___ DATA TO PROCESS

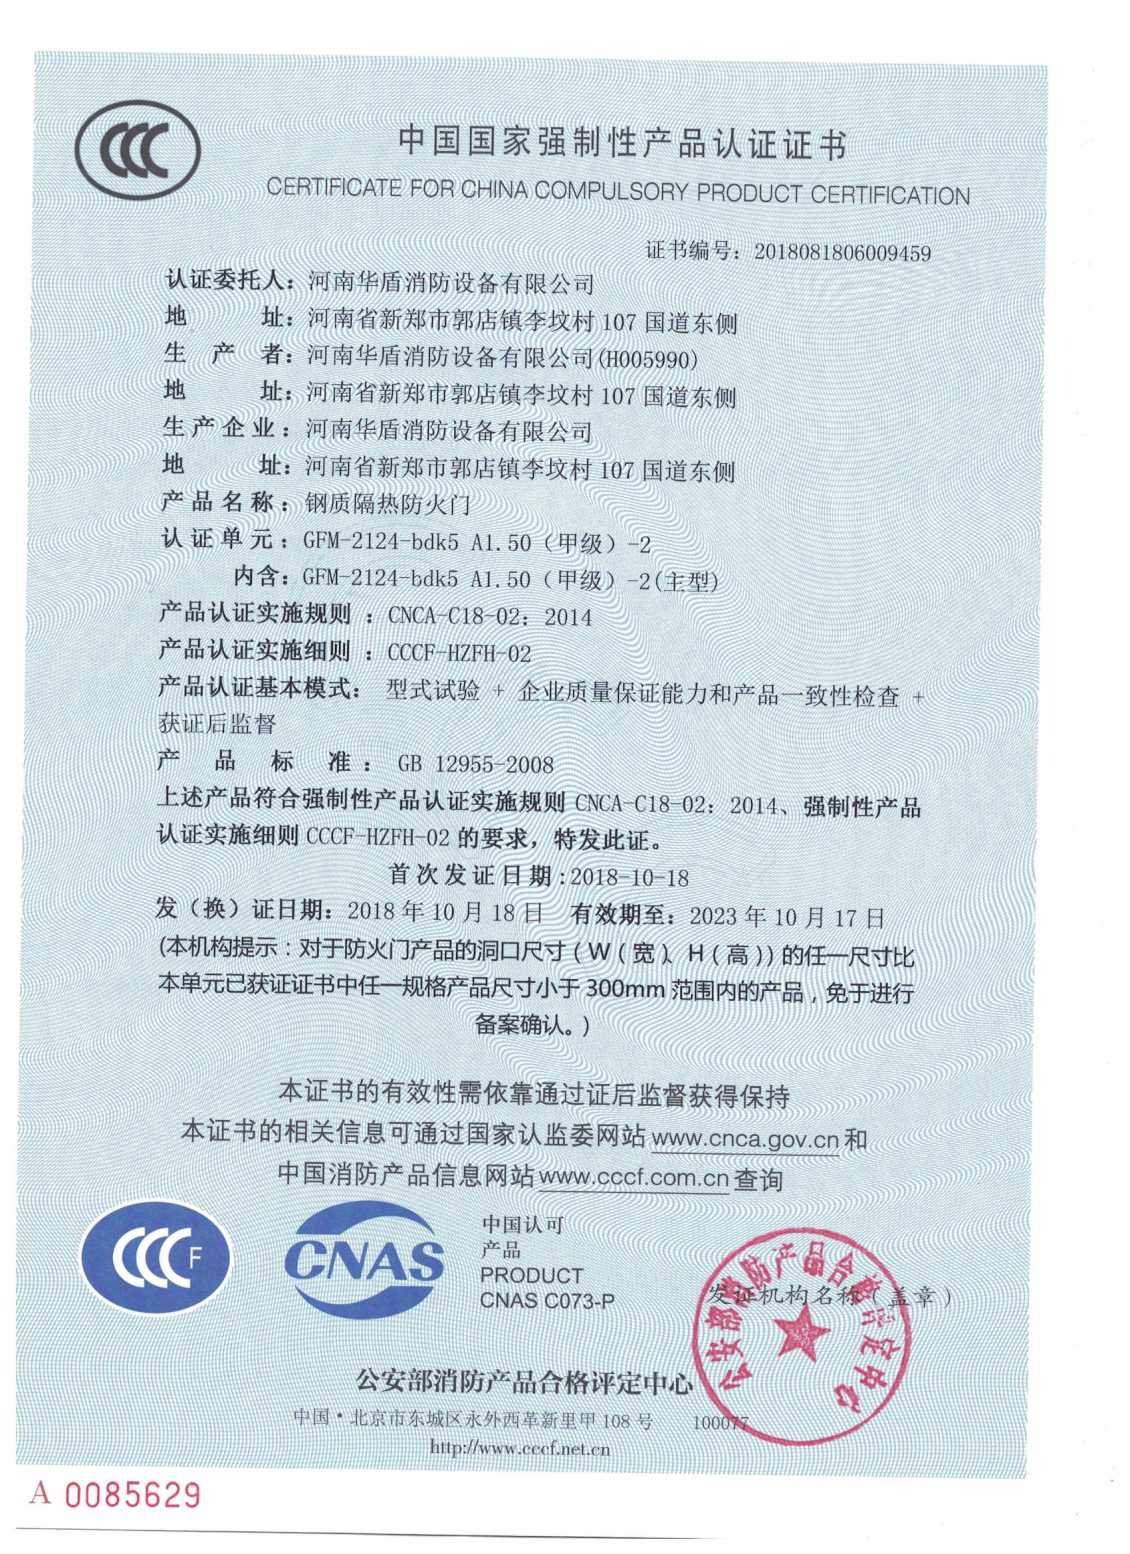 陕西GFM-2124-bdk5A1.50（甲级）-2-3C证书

______
___ DATA TO PROCESS

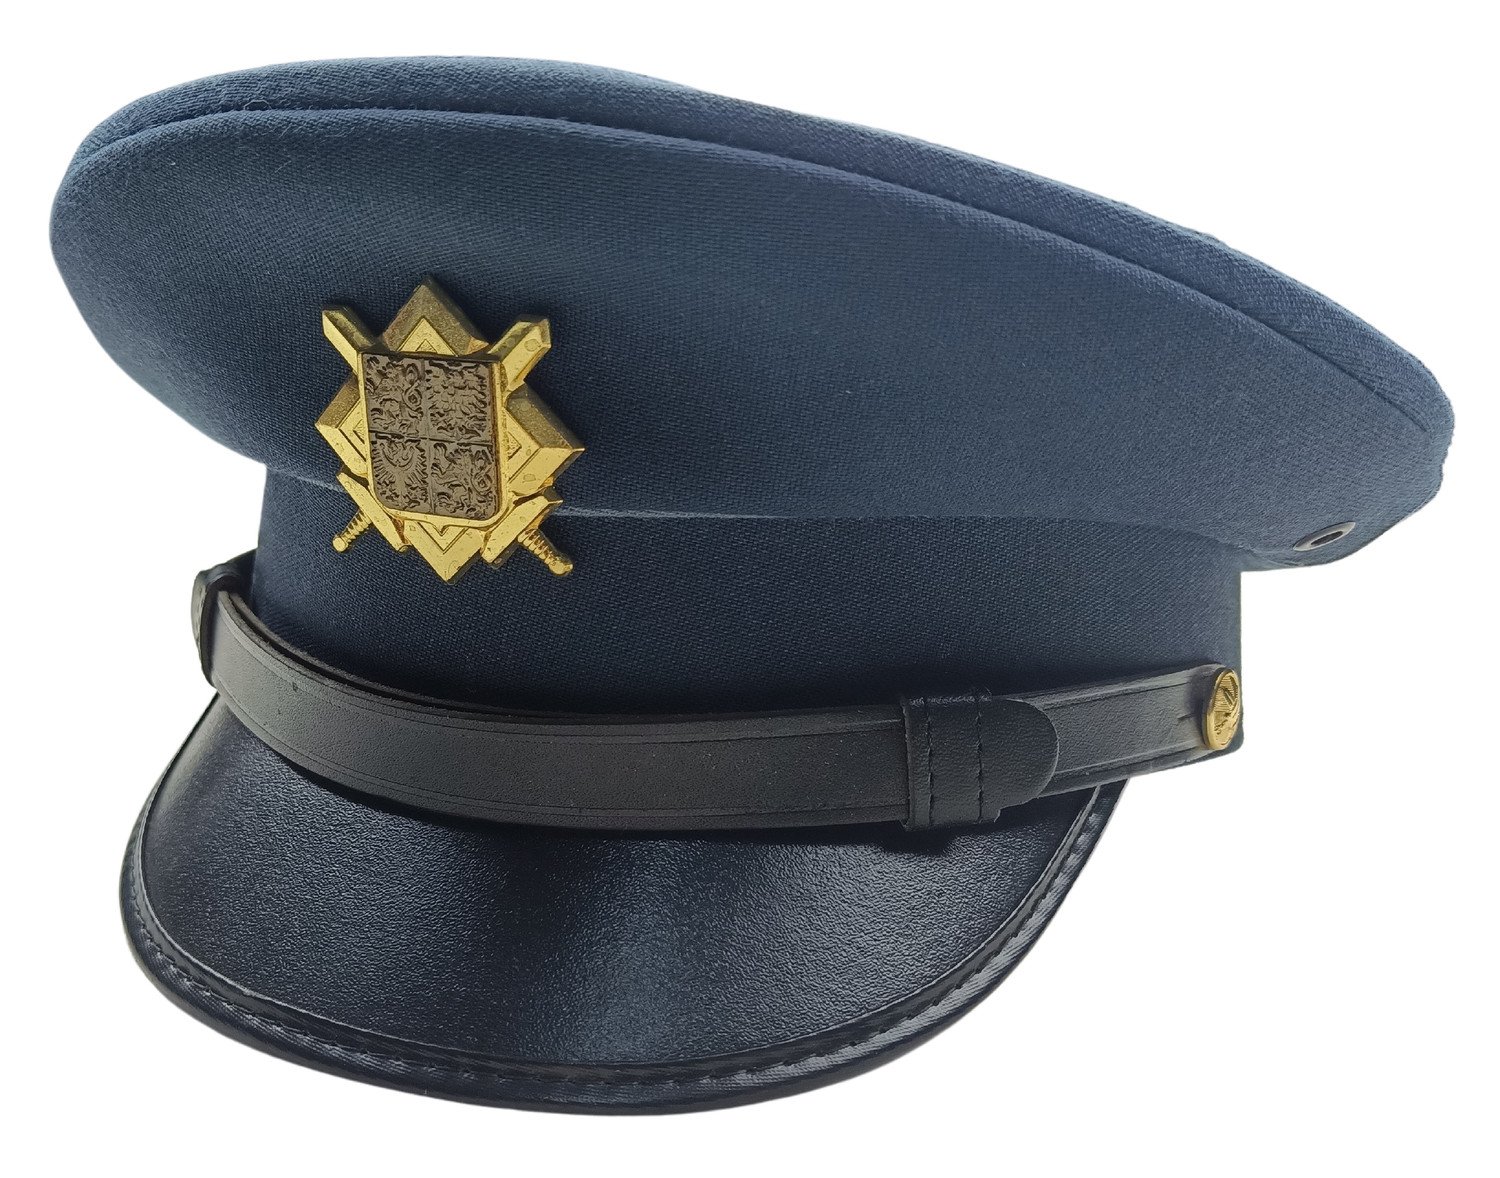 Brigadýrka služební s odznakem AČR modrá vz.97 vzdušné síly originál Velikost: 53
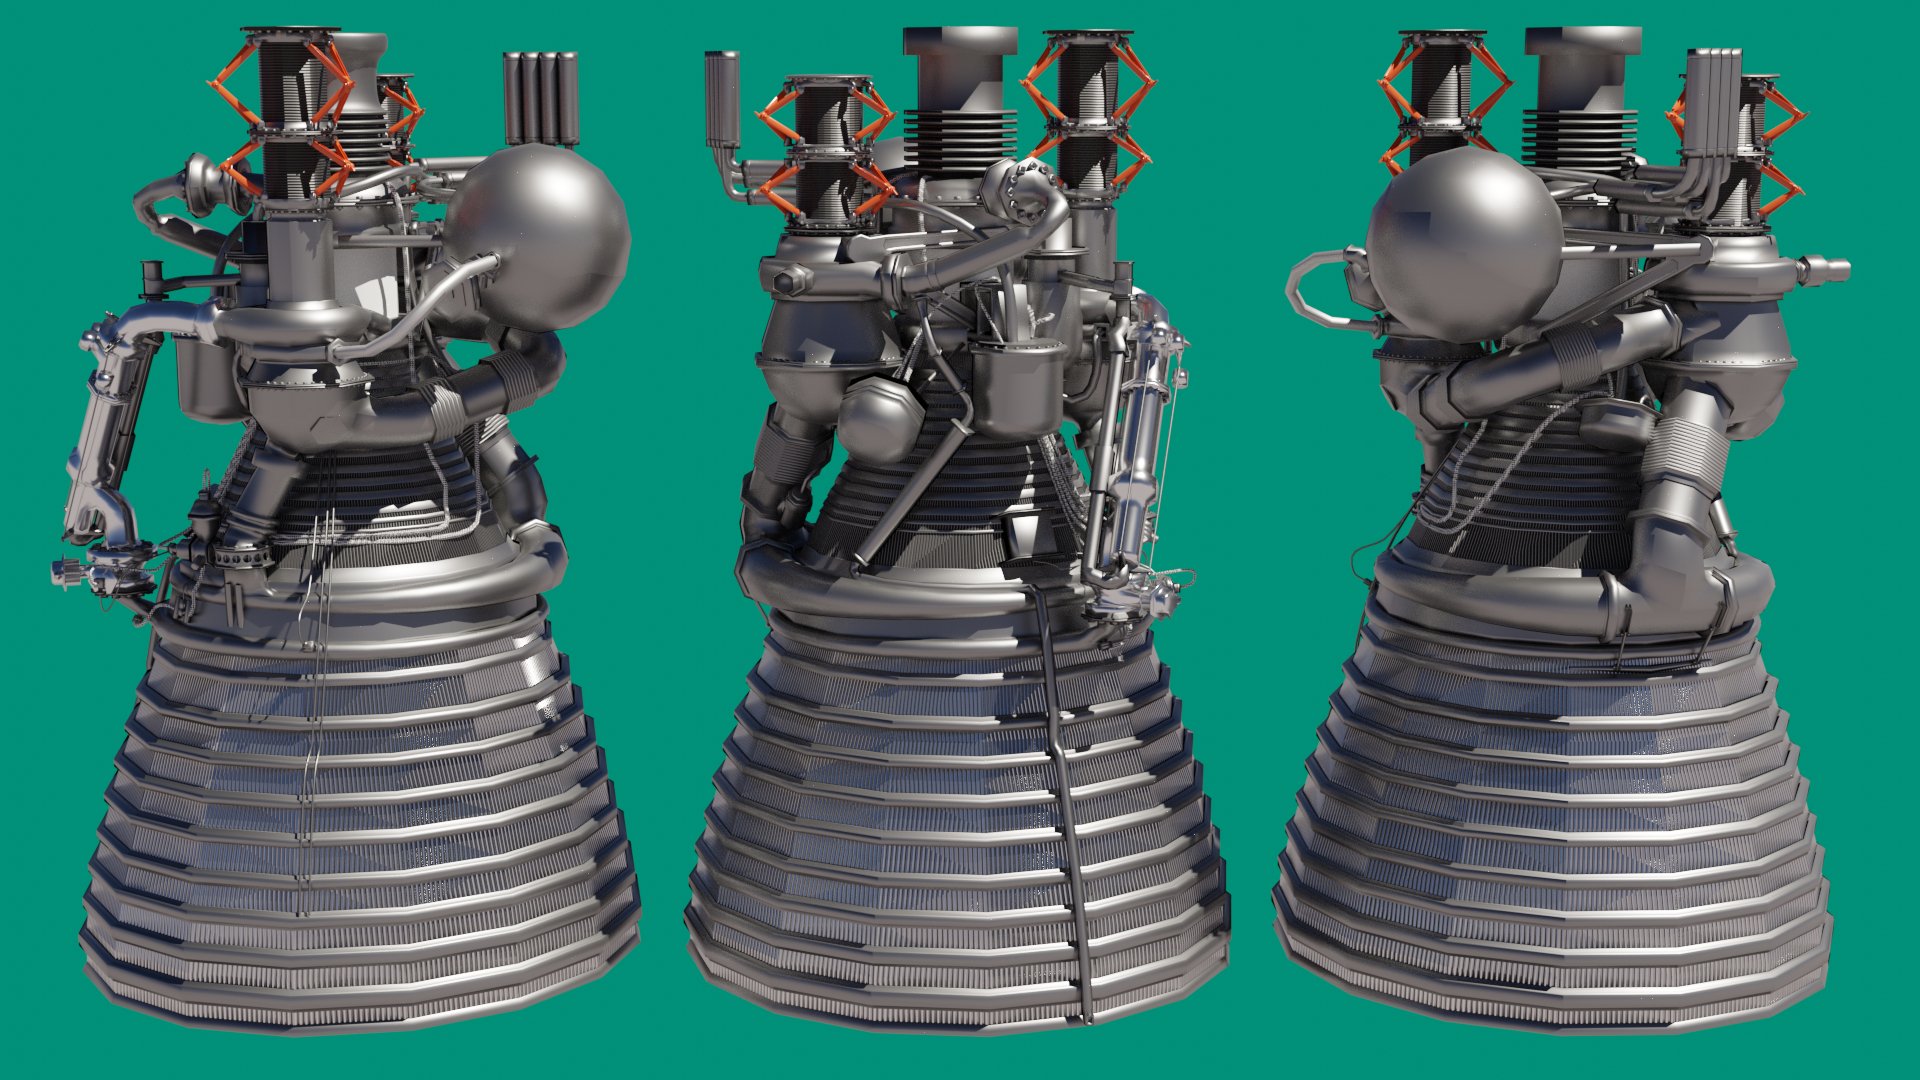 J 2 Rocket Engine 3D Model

______

# [WHAT YOU WILL DO]
Respond with the exact lines above running from the one containing "Brigadýrka služební s" to the one containing "J 2 Rocket Engine 3D Model", both ends kept and no pictures included.

# [OUTPUT FOR THIS TASK]
 Brigadýrka služební s odznakem AČR modrá vz.97 vzdušné síly originál Velikost: 53
 J 2 Rocket Engine 3D Model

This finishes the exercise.